By Brian Rini, MD, FASCO, Elizabeth Plimack, MD, MS, FASCO, David F. McDermott, MD, Martin Voss, MD - Last Updated: February 7, 2024

A roundtable discussion, moderated by Brian Rini, MD, discussed the latest data from the American Society of Clinical Oncology Genitourinary Cancers Symposium 2024 in clear and non-clear cell RCC. Dr. Rini was joined by David McDermott, MD; Elizabeth Plimack, MD; and Martin Voss, MD.

In the next segment of the roundtable series, the panel discussed important takeaways from RCC studies presented at ASCO GU.

Watch the next segment in this series.

Dr. Rini: I think we’ll move on to just a broader field, ASCO GU updates. Probably the biggest update there, as you’re all aware, was the updated overall survival data from the adjuvant pembrolizumab study.

There had been DFS benefit in the first 2 analyses and papers and a hint at OS with hazard ratios initially in the 0.5 but not significant in early, and now with what I believe was nearly 5 years of follow-up, there was a significant overall survival benefit hazard ratio, I believe 0.62, something like that, with pembrolizumab. Then the presentation before that was the other side of the coin with all the other studies, which have been negative. This was part B of the CheckMate study, which looked at single-agent nivolumab, ipilimumab/nivolumab, or placebo, which is a complement to the previously reported ipilimumab/nivolumab versus placebo study, which was negative, and that was similarly negative, one difference being a duration of 6 months of nivolumab monotherapy versus 12 months of pembrolizumab. But David, we’ll start with you. High-level thoughts. You obviously have melanoma experience with adjuvant immune therapy.
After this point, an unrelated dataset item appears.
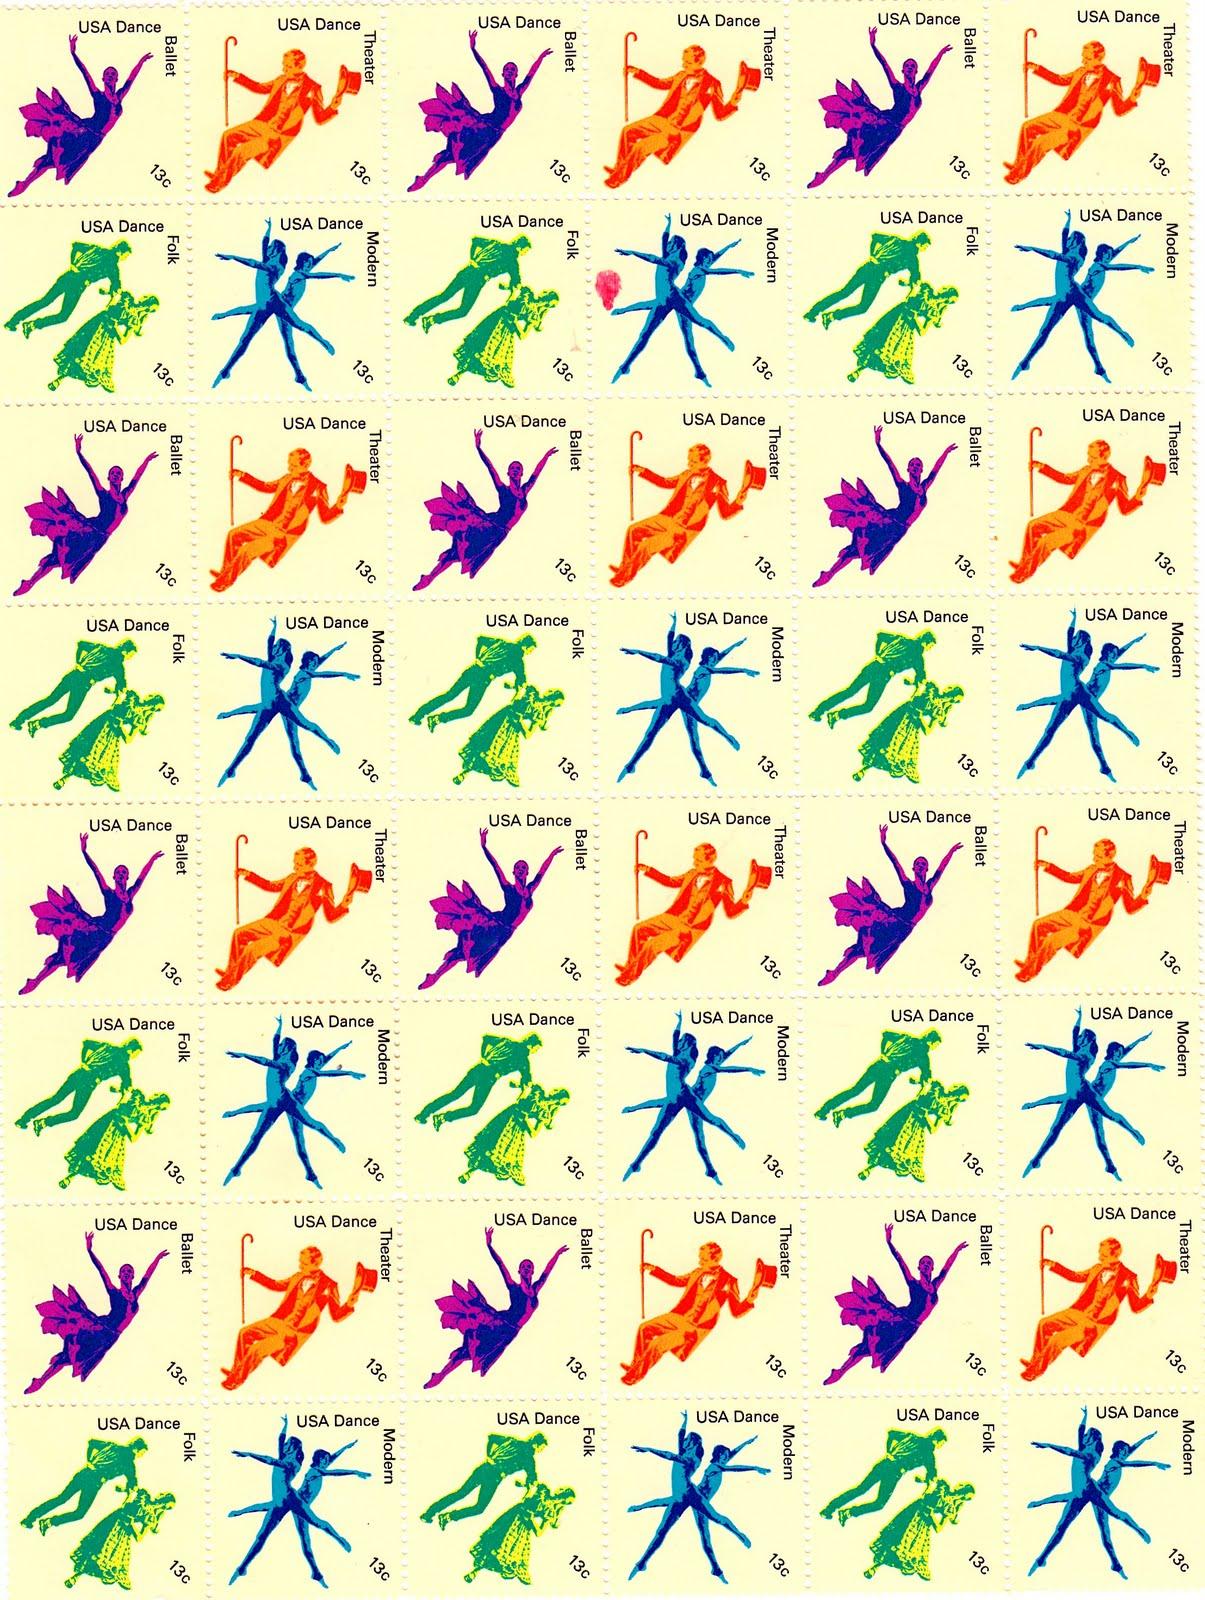 http://3.bp.blogspot.com/-CAcz1fBHMf0/TaL70LIygFI/AAAAAAAABYo/CiRtxTLpe3k/s1600/Seventies+Stamps_0012_NEW+-+Copy.jpg

Does the overall survival benefit of adjuvant pembrolizumab, how impressive is it and does it push you to use more of that drug in this setting?
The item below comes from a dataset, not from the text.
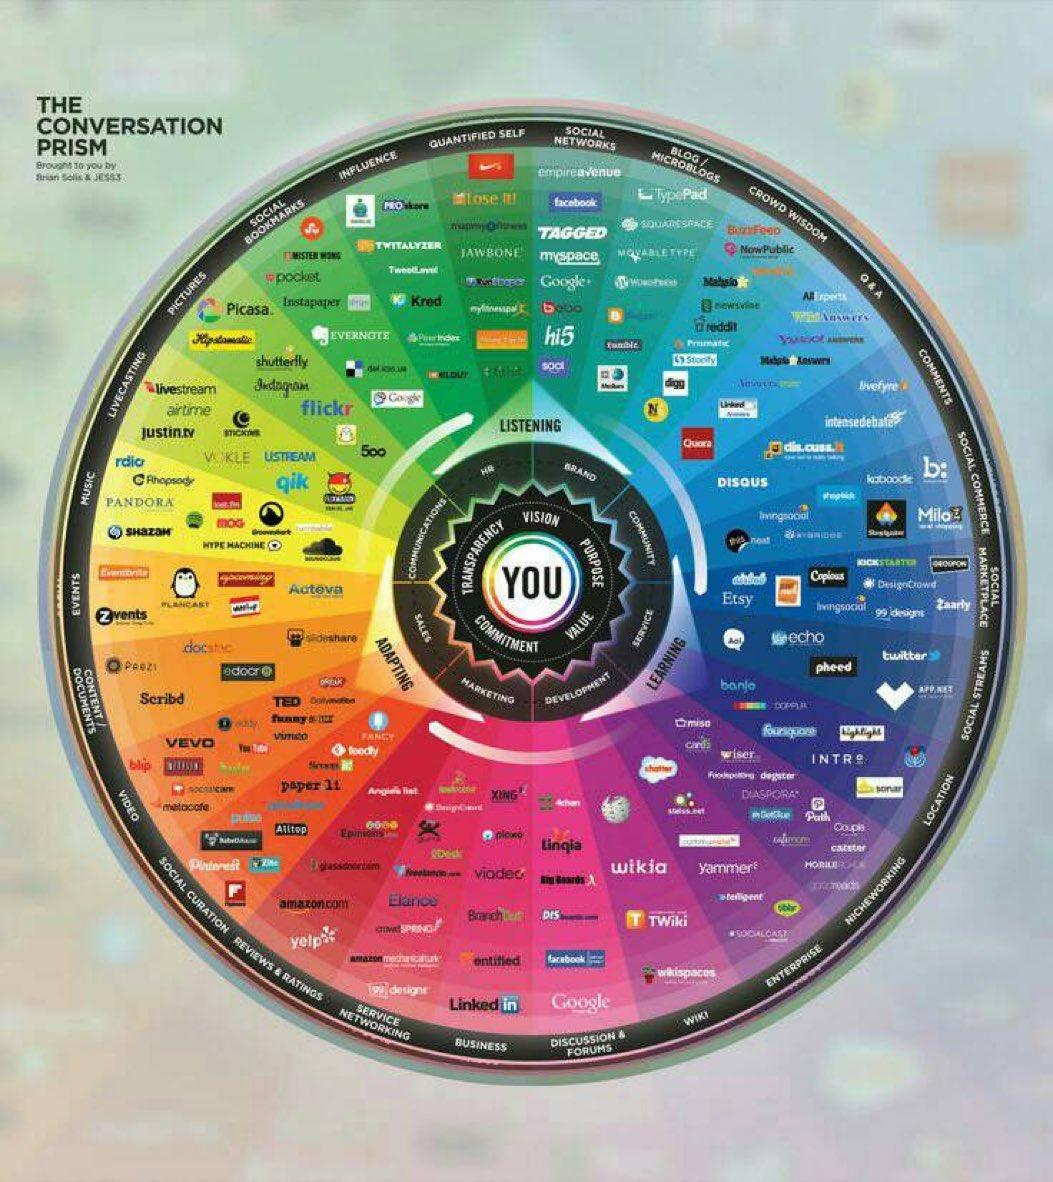 #SocialMedia Landscape #SMM #Marketing #retail #Growthhacking #CMO #IoT #Tech #Contentmarketing #Dataviz #FMCG #SEO #AI #BigData #Business<br>http://pic.twitter.com/PSBAYLdSrW

Dr. McDermott: Overall survival benefit is not something we’ve seen in melanoma, even though we’ve had these drugs available first for stage 3 and now for stage 2 for several years. We’ve yet to see an OS signal, although we do see improvement in metastasis-free survival. Melanoma is a different entity with a different biology and a different recurrence pattern. For example, a lot of the recurrences in the melanoma trials are locoregional, and can be dealt with with a second node surgery, for example. The subsequent therapies are probably more active in melanoma than they are in kidney. For example, salvage PD-1 is active in those patients. CTLA-4 is active. BRAF MEK is much more active than VEGF. That may explain why we don’t see an OS signal there. But I think when you see one, I think 2 things are true: One, it makes the conversation with patients easier and in some ways, it makes it easier, in my mind, to recommend the approach.

I do think we’ll be using more of it, but I think in general, it was still left with 2 major problems. We don’t know who’s going to benefit and we don’t know which patients are going to recur. We’re probably over-treating still a lot of patients, so we need to insist on better selection tools than we have, also better management and reporting of toxicity. I think the last thing I would say is the questions that were asked at the end of the talk were really good and didn’t get answers, and they have to do with the impact of patients who recurred who didn’t get PD-1.

By my math, by the math of those people who were asking the questions, it was about half of the patients who recurred didn’t see a checkpoint blockade. We need to know how many of those patients contributed to the early deaths in that study? Are the people dying, the people who didn’t see PD-1 when they progressed? If so, then the OS signal is not as impressive in my view and would once again shape how I talk to patients. That information exists, and we need to know it, I think.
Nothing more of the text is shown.